In other words, we went from a one-in-three chance of holding urn a to a one-in-five chance. Picking up a red ball was evidence against urn A. Specifically, it about halved our belief in holding urn A.

This is the essence of Bayesian hypothesis testing: each competing hypothesis (or parameter value) is a metaphysical urn and then we evaluate what effect the evidence has on our belief of drawing from each urn. The result is a posterior distribution over urns… or hypotheses.

If you have multiple pieces of independent observations, you can multiply their odds ratios together to get the strength of all the evidence combined. (If the observations are correlated, you have to work a bit harder.)

In other words, if in the taxi cab problem we had a second, similar eyewitness independently saying the same thing, the evidence of both combined would have an odds ratio of \(4×4 = 15\), resulting in posterior odds of 16:5, which means now we would think it three times more likely that the culprit was from the blue company rather than the green one.

This is, in fact, what I mean when I say that “the plural of anecdote is data”: there is no magic threshold at which observations become many enough to become significant. Evidence is nothing but small independent anecdotes whose odds ratios multiply together to become a large number.

In fact, whether you are talking about the product of multiple pieces of evidence, or just one observation, the odds ratio measures the strength of the evidence. A sensitivity of 80 % for the witness in the taxi cab problem might have sounded weak, but the odds ratio tells us that this single observation quadruples our belief in the blue company being guilty. That’s some strong evidence!

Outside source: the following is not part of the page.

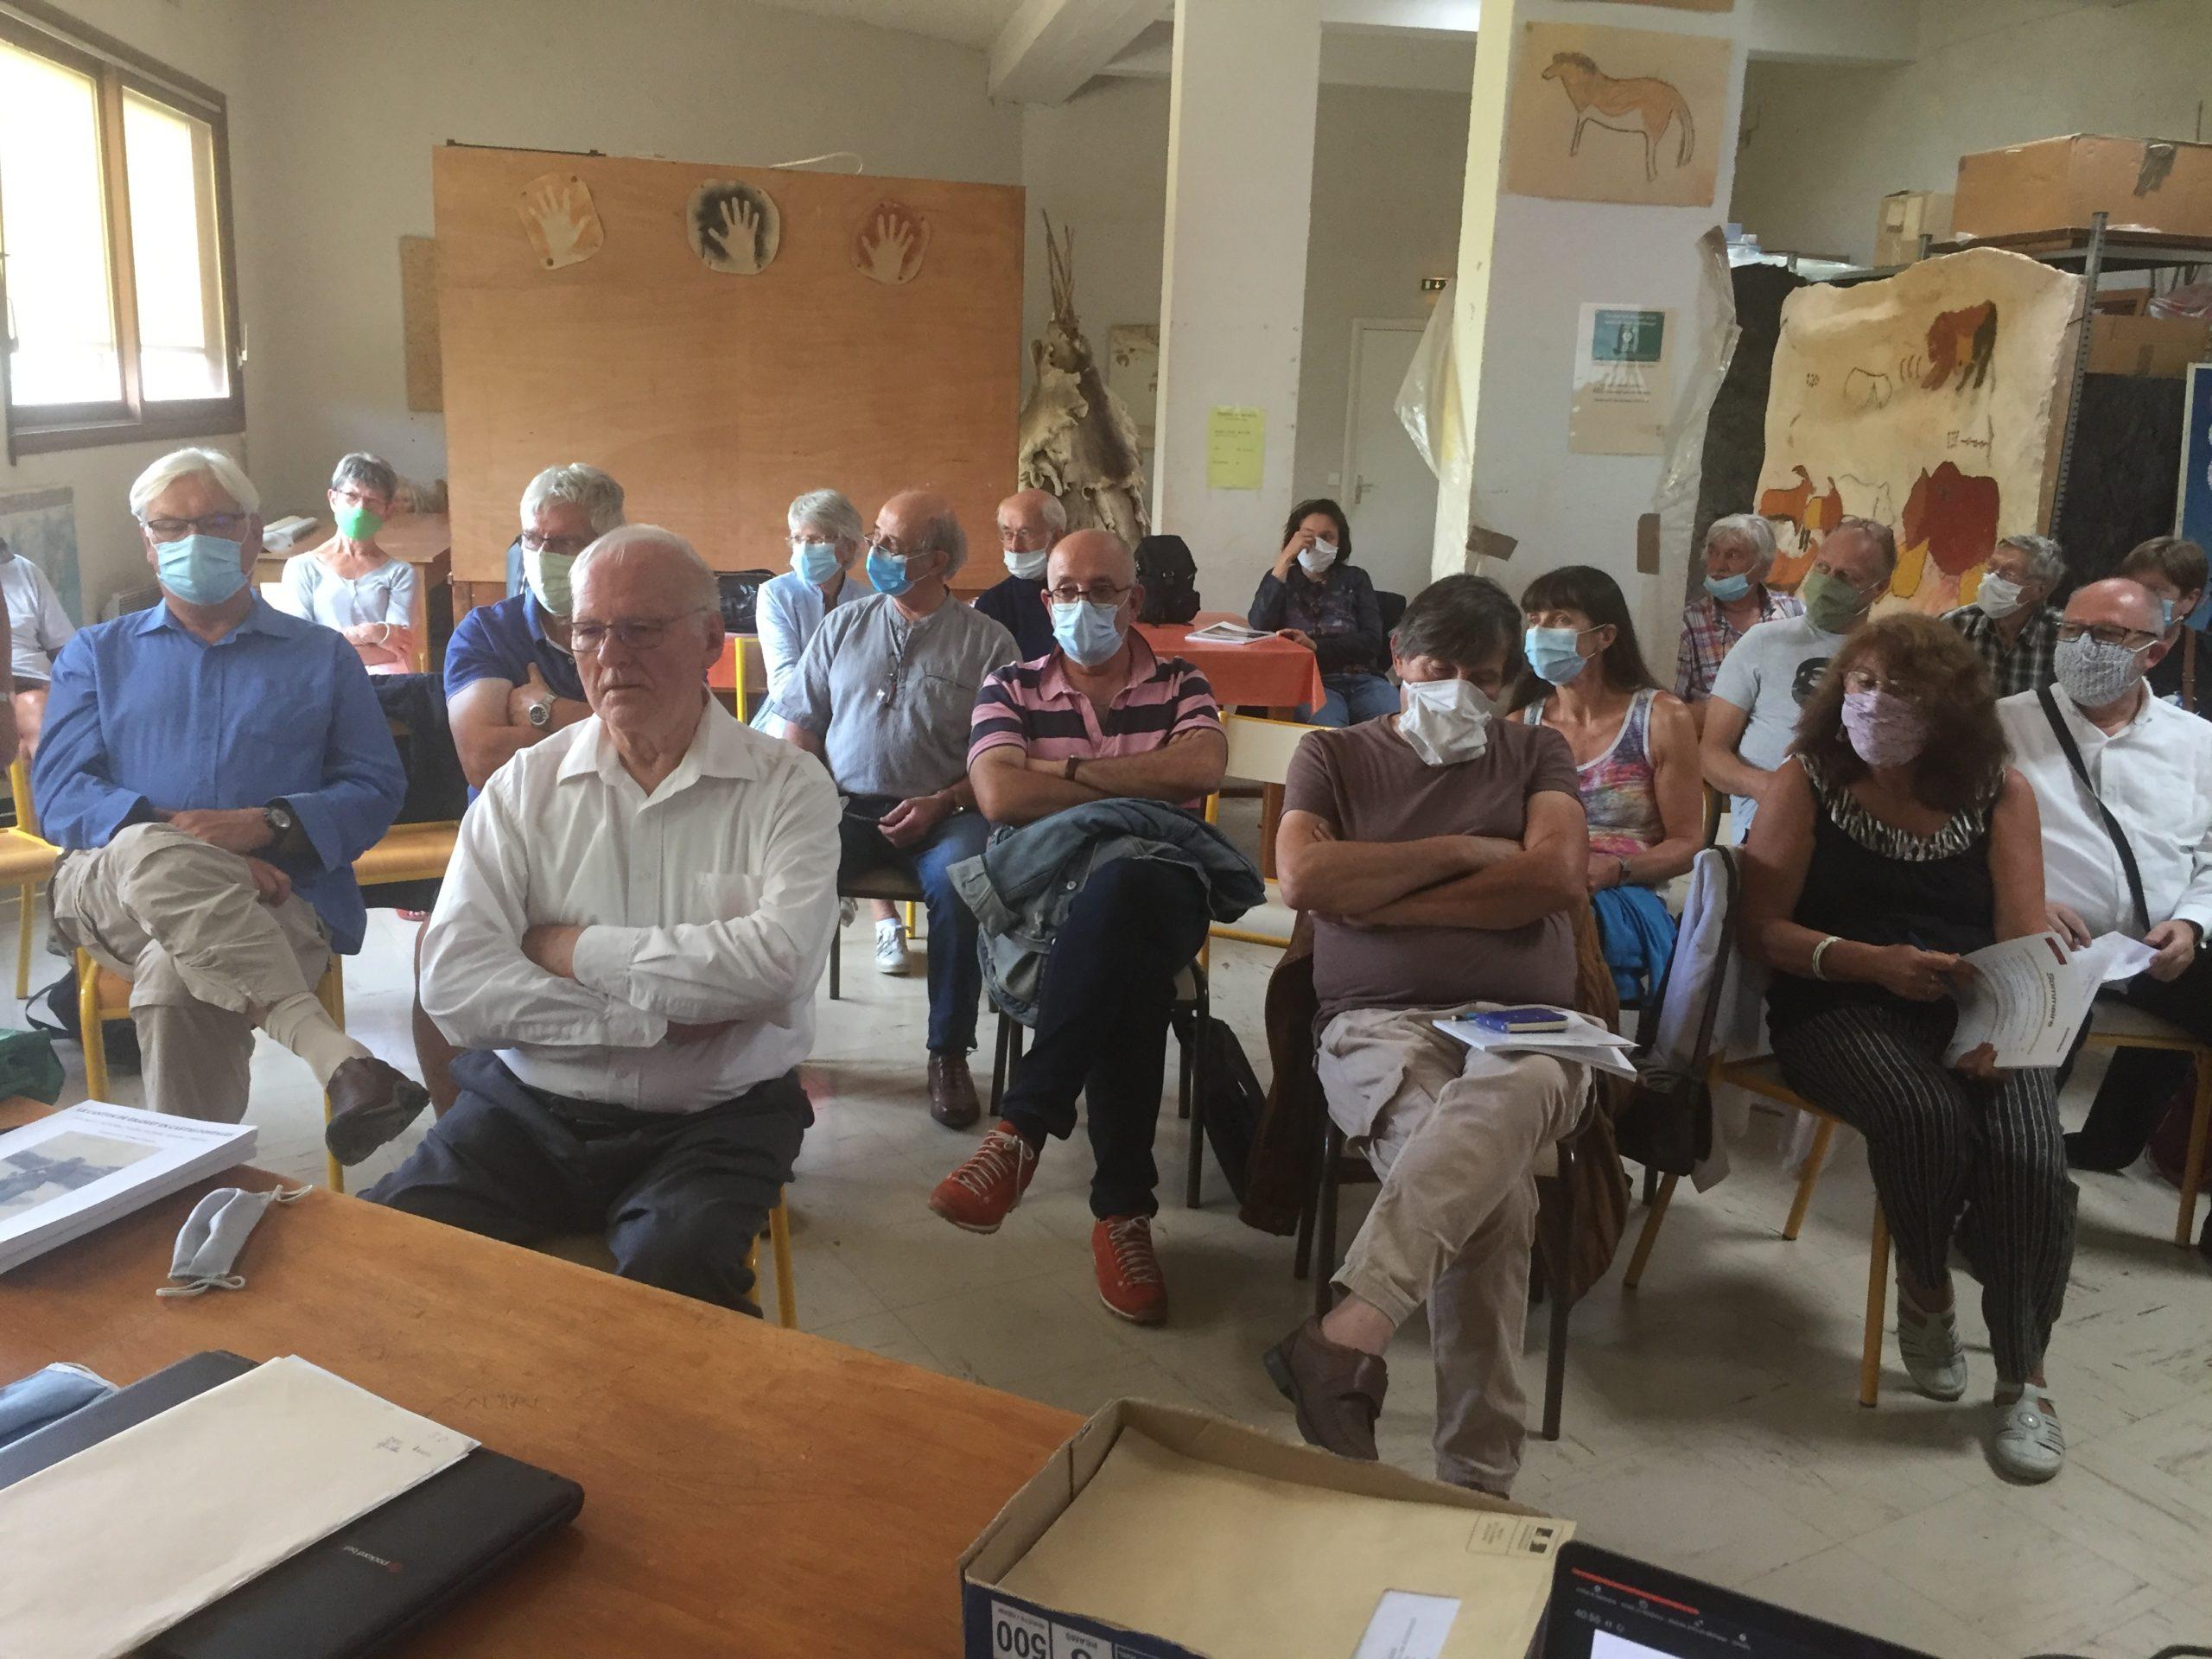 Read more about the article L'assemblée générale de l'association s'est tenue samedi 19 septembre au Centre de Préhistoire du Pech Merle, à Cabrerets, Lot.

(This is even more natural when you work in log-odds instead of odds, because then you just sum together the strength of the evidence expressed in log-odds-difference. The problem is that we generally don’t have intuition for estimating and working with log-odds. This is something I want to practise but I haven’t gotten around to it yet.)

Sometimes it’s hard to estimate the probability of low probability events. For example, how likely do I think it is that it was snowing in Stockholm in the summer of last year? I have no idea.

If someone told me it did snow in Stockholm in the summer of last year, I might double my belief in it – but that doesn’t really help me estimate my prior. However, if six independent people told me the same thing, I might judge that snow a 50–50 event, or having odds of 1. So, going backwards, my prior odds must have been \(1/2^6 \approx 1/50 = 0.02\).

Low odds (roughly \(< 0.15\)) are easy to convert to probabilities because they’re basically the same number. So odds of 0.02 means a probability of 2 %.

Thus, I can conclude that my prior odds for snow the previous summer in Stockholm must have been 2 %. This is higher than I would have thought, but I also trust this number more than my gut reaction.